Showing posts with label blog. Show all posts
Showing posts with label blog. Show all posts

Monday, April 9, 2012

I can't see any readers if I want to remain anonymous

That is probably the most common thing I say in emails. I really wish I didn't have to say it since we could really use the business, but I need to protect myself. Most guys are cool with it, but then there are some of my more zealous fans who try flattery, bribery and on the rare occasion cajolery to get me to change my mind.

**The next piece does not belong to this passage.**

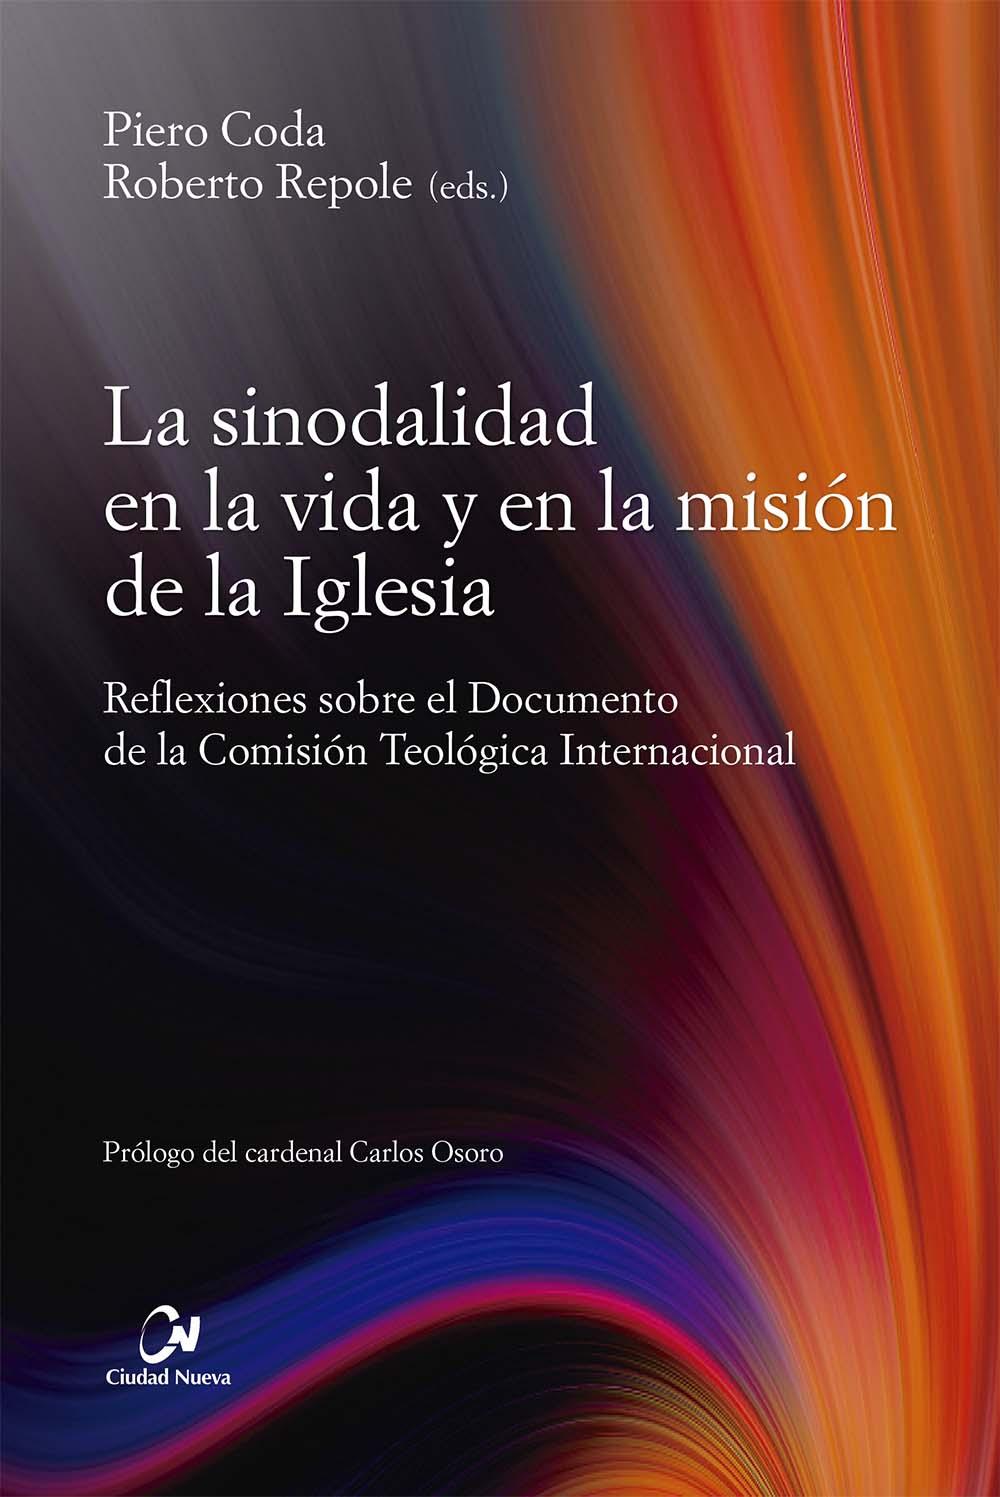 la-sinodalidad-en-la-vida-y-en-la-mision-de-la-iglesia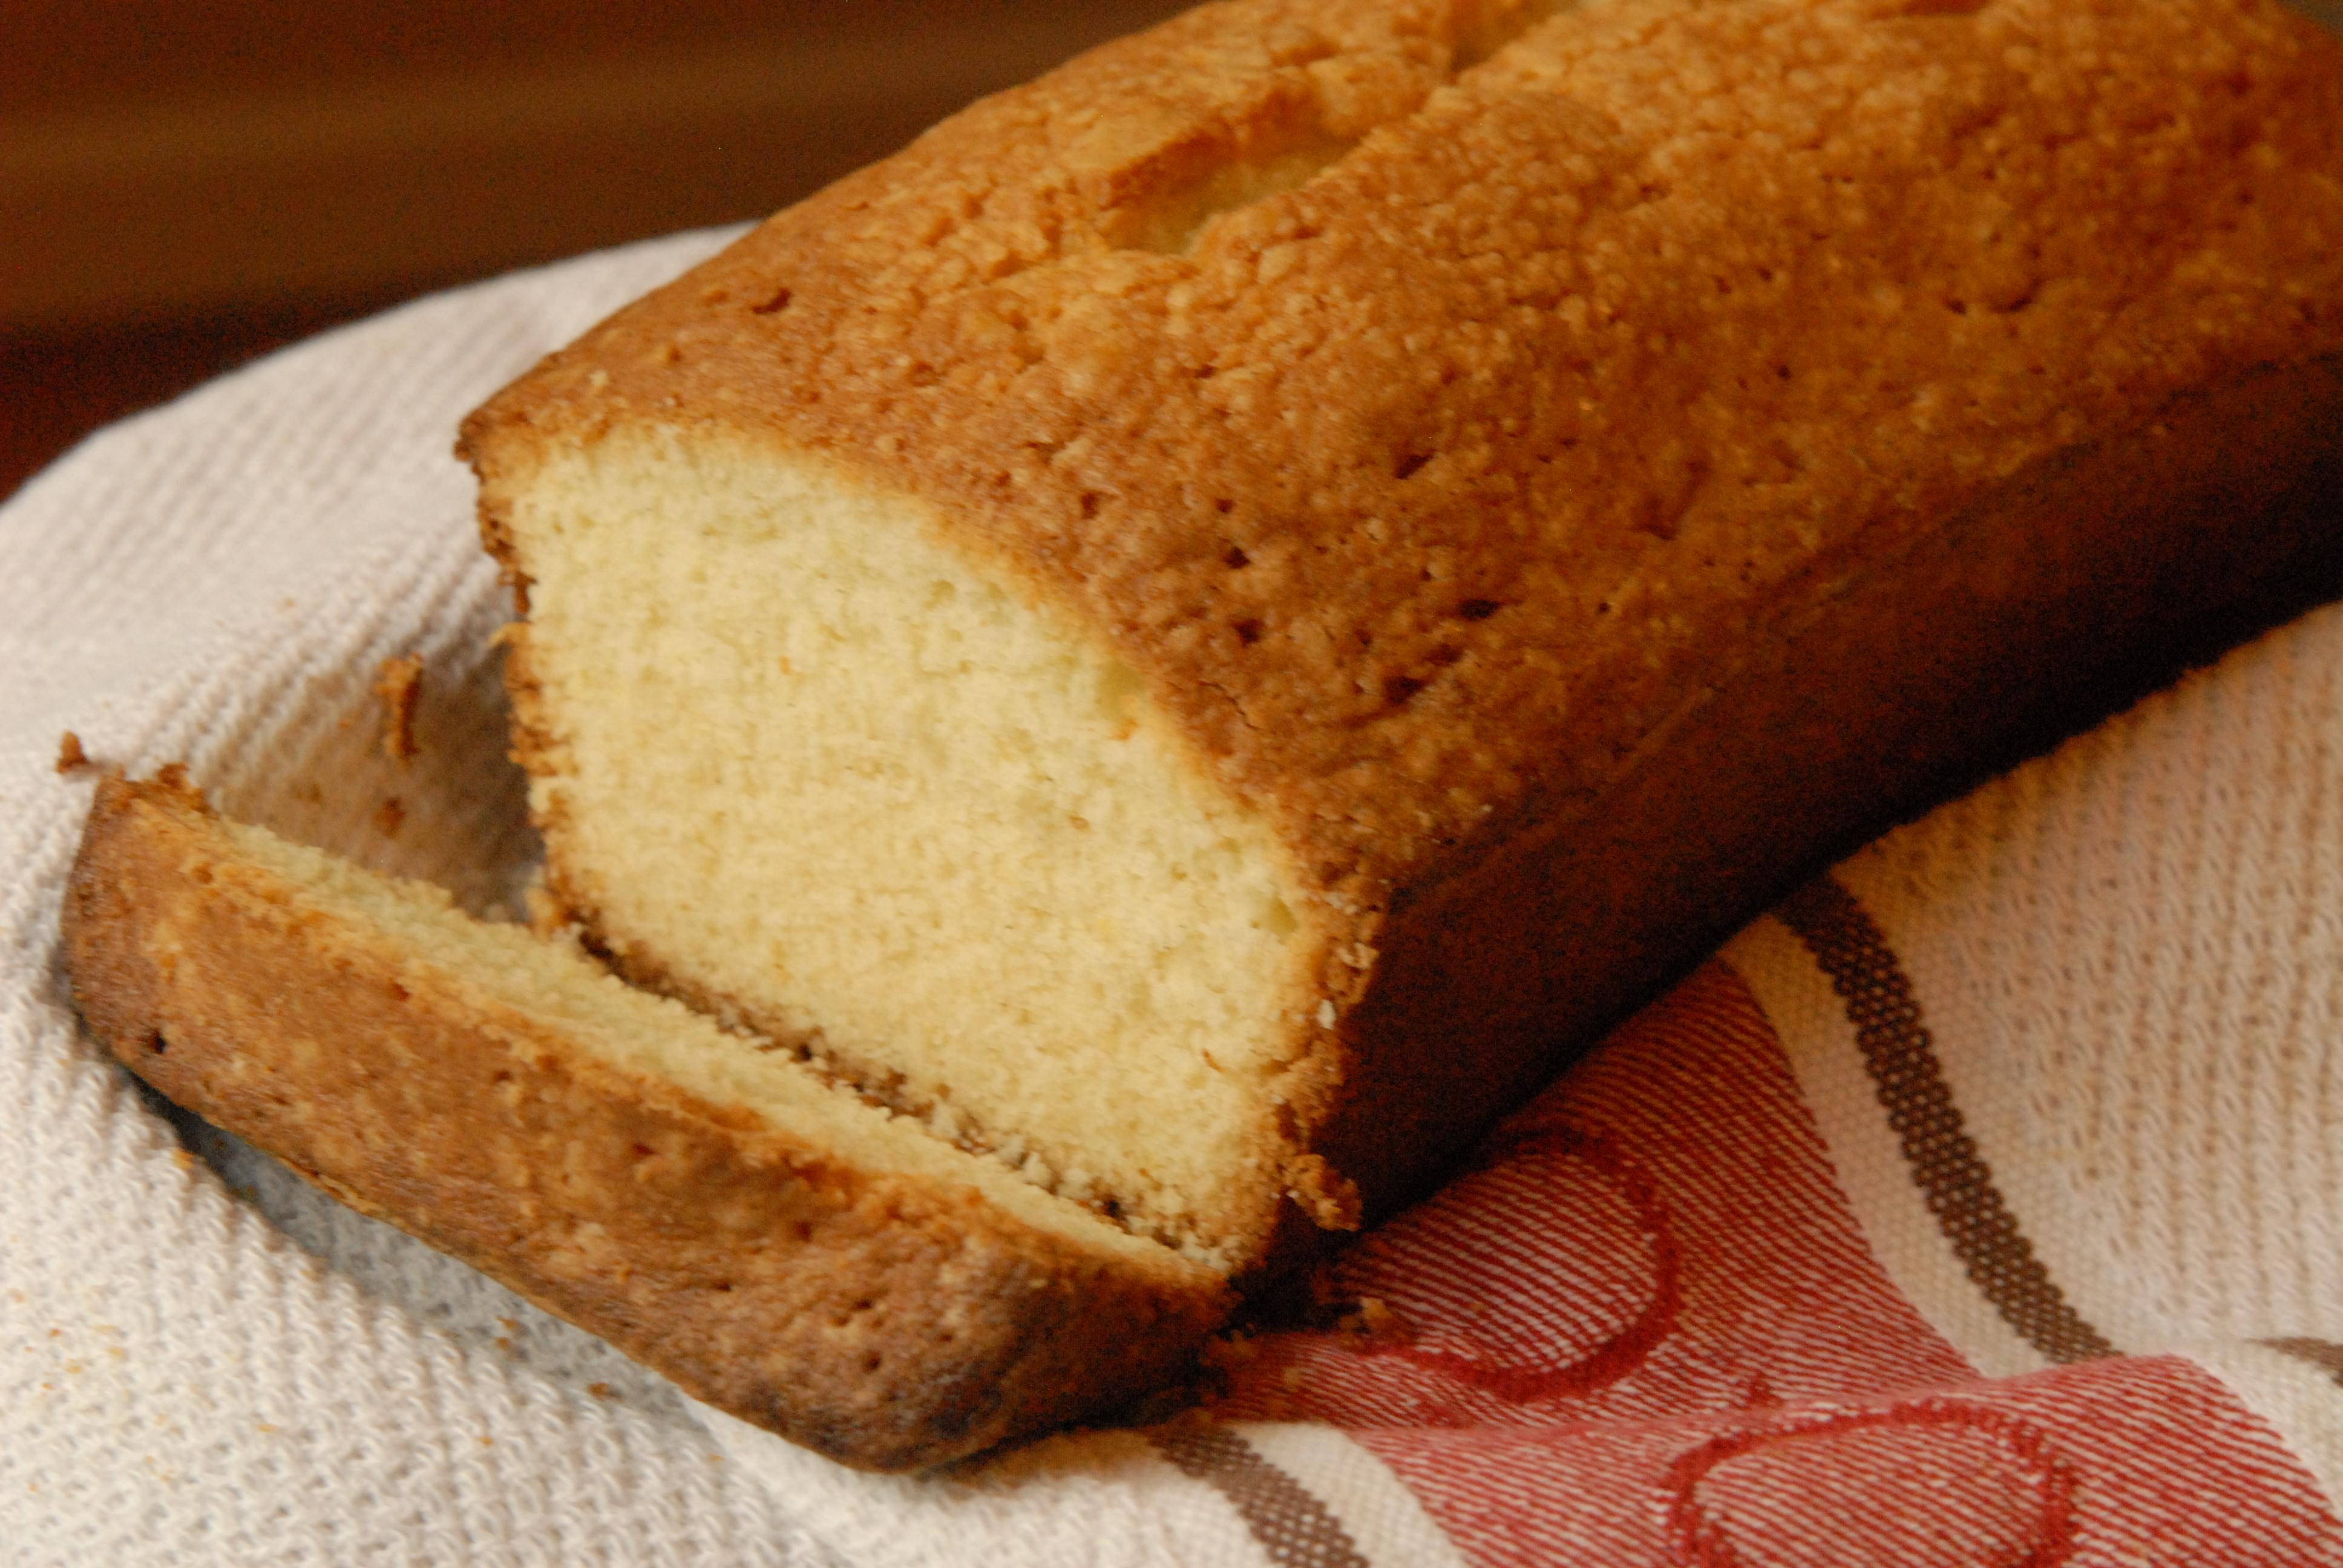 dessert | The Eclectic Connoisseur's Weblog

I think the most imaginative idea was a private limo to take me to a hotel where my prospective customer would be waiting blindfolded. He would never see me and I would get to practice my craft in total anonymity. Hmmmmm... the blindfolded option. I can see it now... blindfolds, scented candles, feathers, soft music.

But I digress.

This brings me to my most insistent of fans. The guys who just won't take no for an answer. They beg. They lie. They threaten. I'm used to it. There's just something amusing about a guy threatening to call the cops, or out me over the internet. Heck, one guy said that if I saw him as a customer, he would protect me from all the other nutcases who were threatening me. Now that's original.

So when my Techno-Nerd Velma told me that someone was trying to post addresses where they might find me, she took matters into her own hands and deleted them. The way I see it, it's probably best if I don't show any addresses for any place around here. This is the dilemma...

Let's say someone actually figures out where I am and gives out the real address. There might be an increase in business, but more likely there will be some very nice men in crisp, clean uniforms asking me to explain this written journal documenting several years worth of prosecutable offenses.
Now let's say someone posts the address for another business. Do I care? Our competitor gets more customers. But chances are some unsuspecting girls are going to end up getting harassed too. So it ends up being a lose-lose for everyone.

The truth is that since I've started this blog, lots of guys have now found me. At this point I probably get 1 or 2 guys a month that ask if I am or know CJ. And I tell them what I tell everyone else... "What the heck are you talking about?" And I can say that here because chances are that's what girls all over the valley are saying every day.

So I'm going to let Velma keep an eye on the blog and maybe even turn off the comments feature for now. Sorry about that guys. I really want some of this drama to end so I can get back to some good old fashioned tales of perversion!

CJ

Wednesday, July 23, 2008

Erotic Massage and the Internet

In case you haven’t noticed yet, I’m pretty computer illiterate. I can just about manage to post these blogs by myself, but that’s it. As you can see, this page is pretty plain since I can’t figure out how to add a background or a list of my favorite blogs. All I’ve figure out how to do on my own is post the occasional picture.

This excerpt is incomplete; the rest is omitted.